I tried making this part:

if(count == removeLen)
{
    if(string[ij+1] == '\0' && string[ij+1] == ' ' && string[ij+1] == '\n')
    {
        counter = count;
    }
    
    else
    {
        counter = count - 1;
    }
}

To this and it worked:

if(count == removeLen)
{
    if(string[ij+1] != '\0' && string[ij+1] != ' ' && string[ij+1] != '\n')
    {
        counter = count - 1;
    }
    
    else
    {
        counter = count;
    }
}

What seems to be the problem with the original one?

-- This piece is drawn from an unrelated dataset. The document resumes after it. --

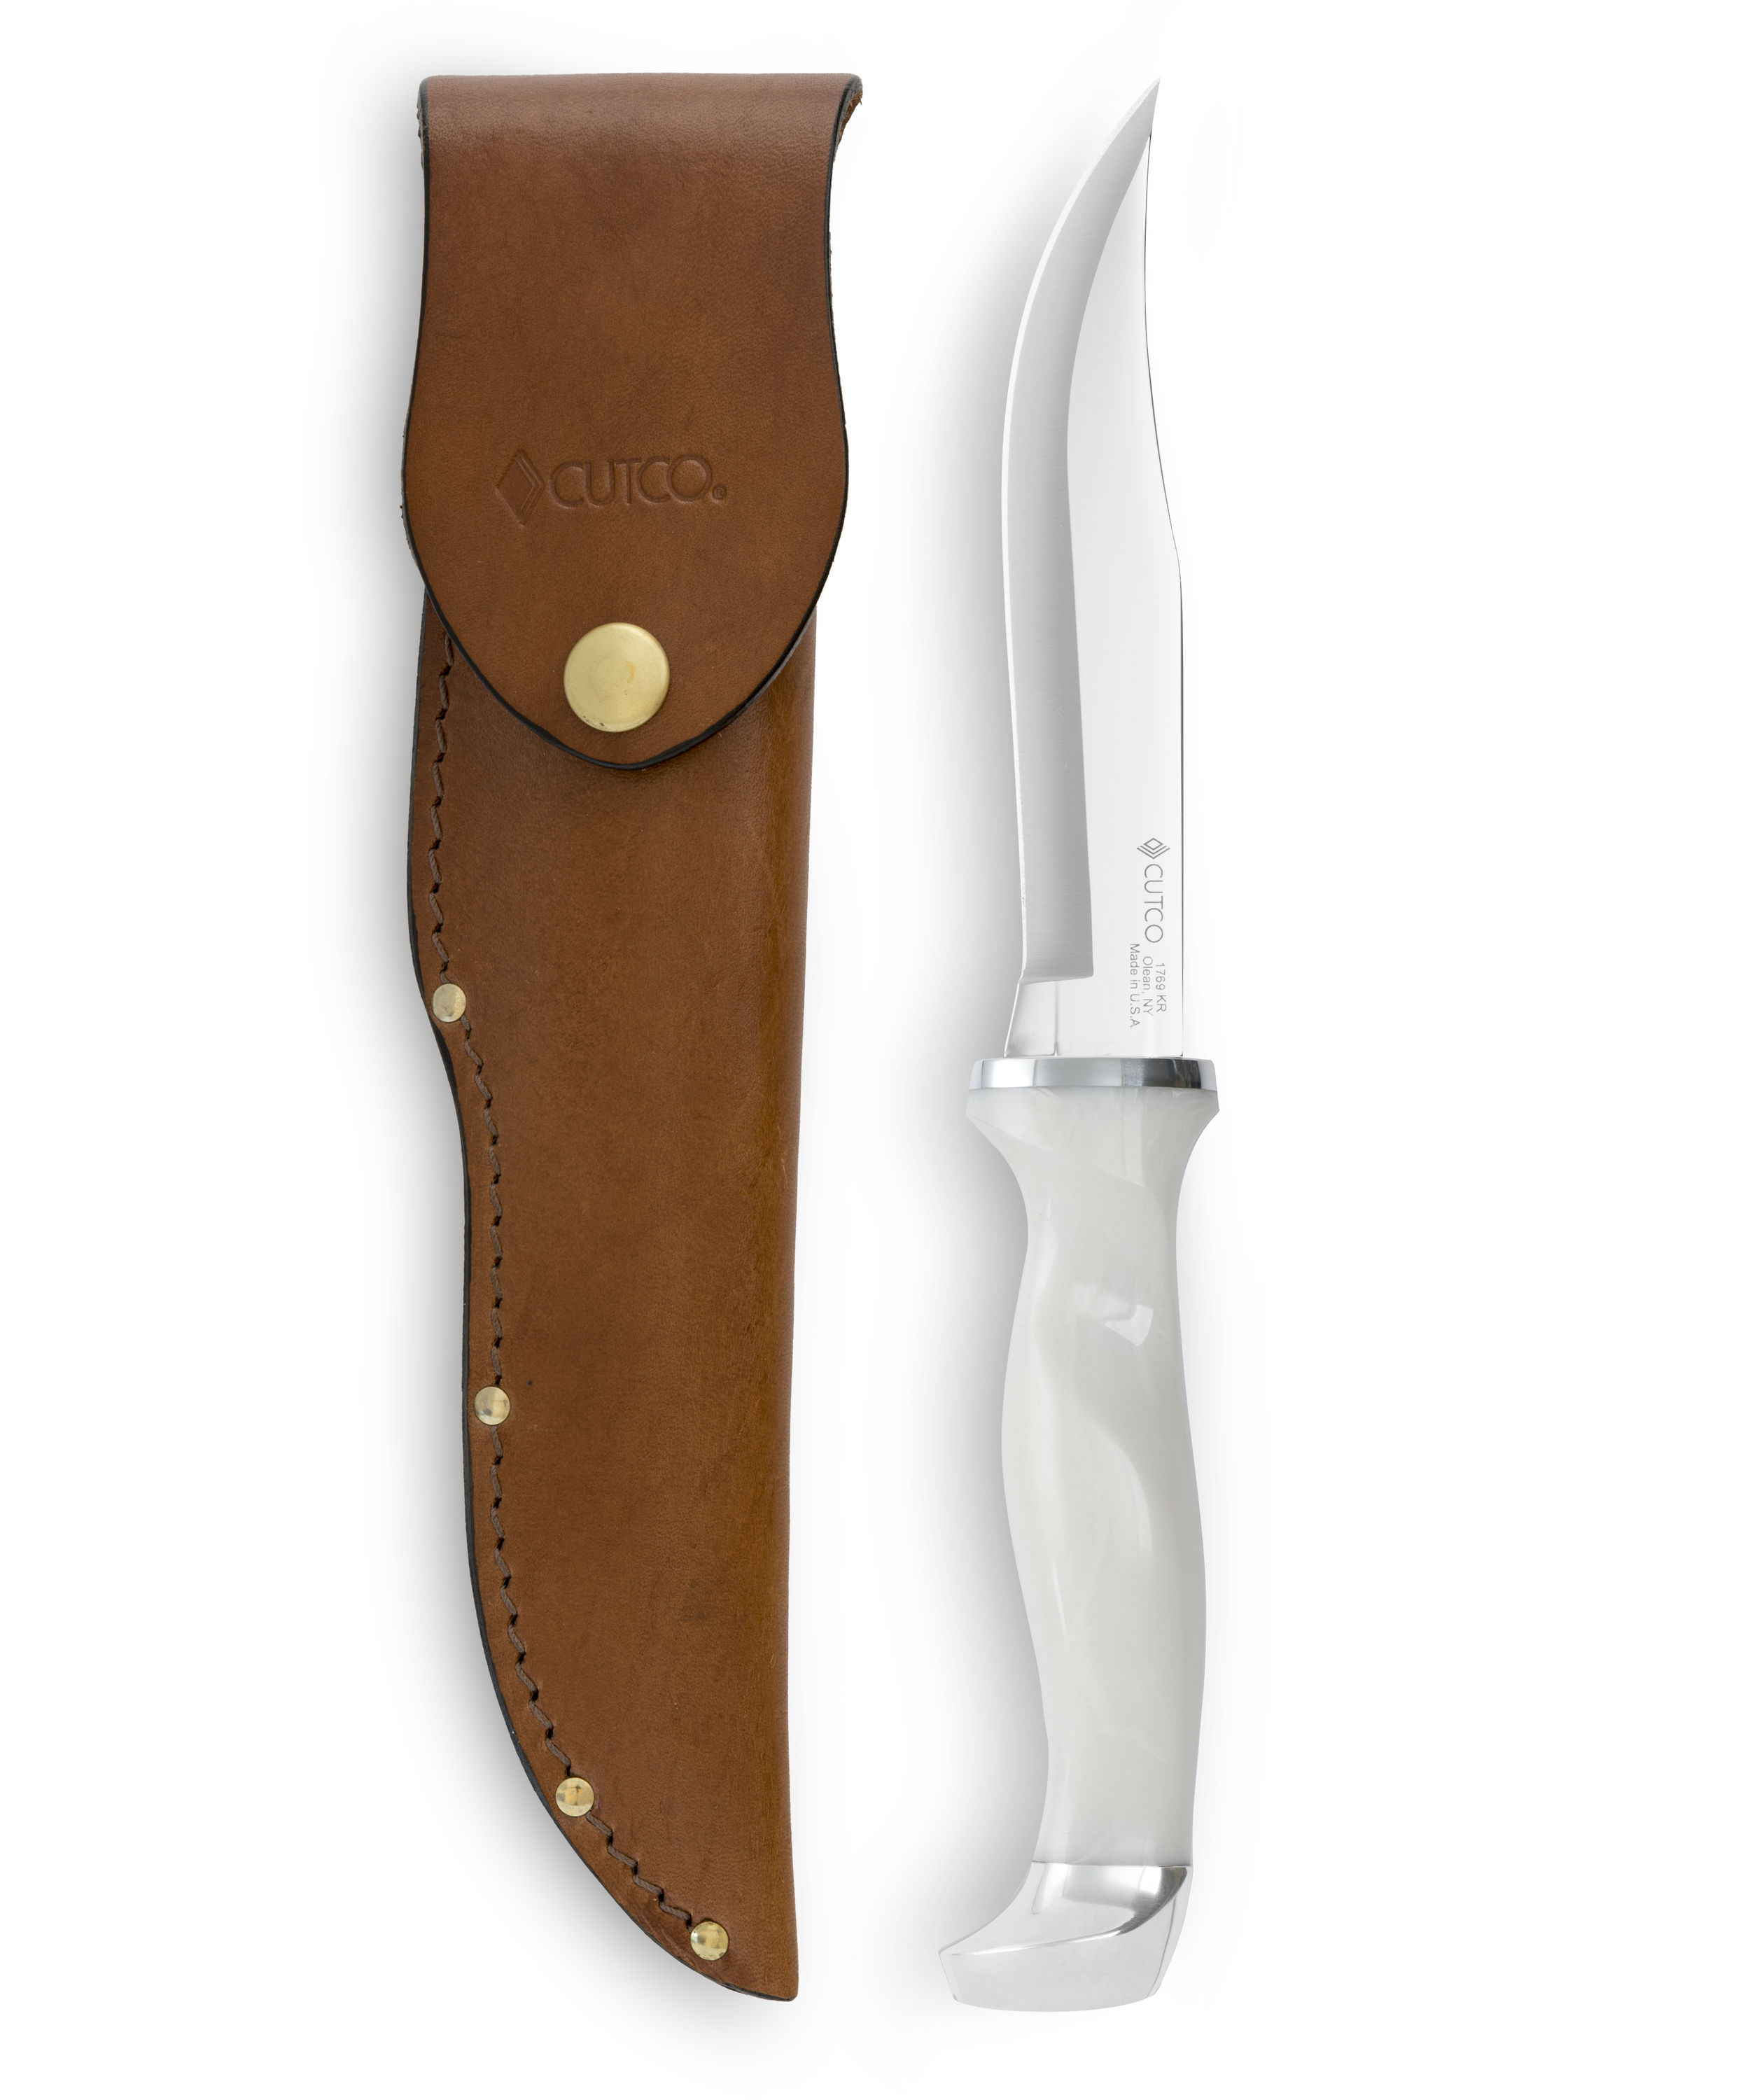 Hunting Knife, Top Rated

Have you stepped through the code with a debugger to see what it is doing? Also you are going out of bounds here since `i+j` will always be larger than `stringLen` in the end and that is going to be a problem. — Sami Kuhmonen, Aug 16 '20 at 05:09
See [Why gets() is so dangerous it should never be used!](https://stackoverflow.com/questions/1694036/why-is-the-gets-function-dangerous-why-should-it-not-be-used) — David C. Rankin, Aug 16 '20 at 05:22
You might be interested in a C library function called [strstr](https://linux.die.net/man/3/strstr) — selbie, Aug 16 '20 at 05:29

score 1 · Answer 1 · answered Aug 16 '20 at 09:28

For pf all, never, ever, EVER, use gets(). It is so prone to exploit by buffer overrun that is have been removed from the C-library beginning with C11. For more discussion see: Why gets() is so dangerous it should never be used!

In your word replacement, you are not worrying about removing leading or trailing whitespace before or after the word you remove and you only remove that word if it is not a substring in a larger word or a word followed by punctuation. (this is fine -- but in isolating an removing words you will generally want to takes what is left into consideration)

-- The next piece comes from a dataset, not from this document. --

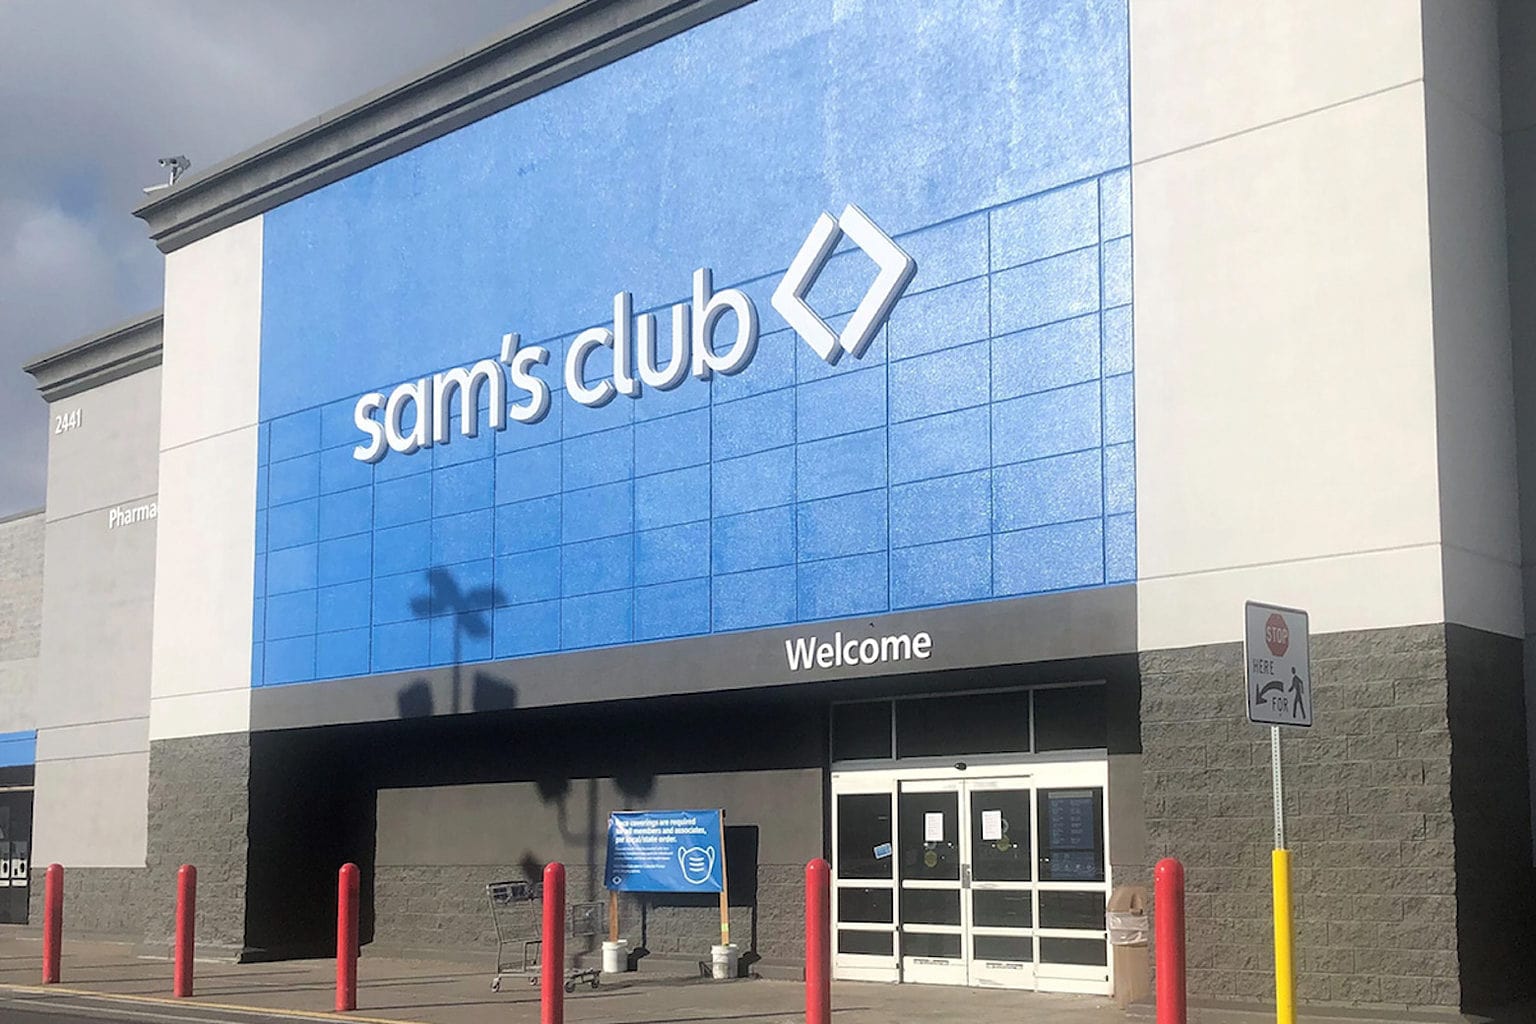 Enjoy full Sam's Club benefits for only a fraction of the price.

You can simplify what you are attempting to do and reduce the complete algorithm to a single loop over the character in the string. You simply keep three indexes (or counters if you want to think of it that way). You need a read-index, the next character to be read. You need a write-index, the next location in the string to be written. And finally you need a remove-index to the characters in the substring to be removed.

Here you simply loop over the characters in the string with your read-index. Your read and write indexes begin the same. If a letter matches the first letter in your remove substring, you increment your remove-index and loop again. If a sequence of characters match all characters in your remove substring, on the next iteration your substring index will be at its nul-terminating character.

Now you can test if the next character under the read-index in your string is a space (using the isspace() macro) or testing if you are at the end of your original string. If either case is true, you simply subtract the substring length from your write-index and continue on -- effectively removing the substring from your original string. There are no multiple-loops needed, you are essentially working through each character of the original keep track of where you are (the state) with the substring index.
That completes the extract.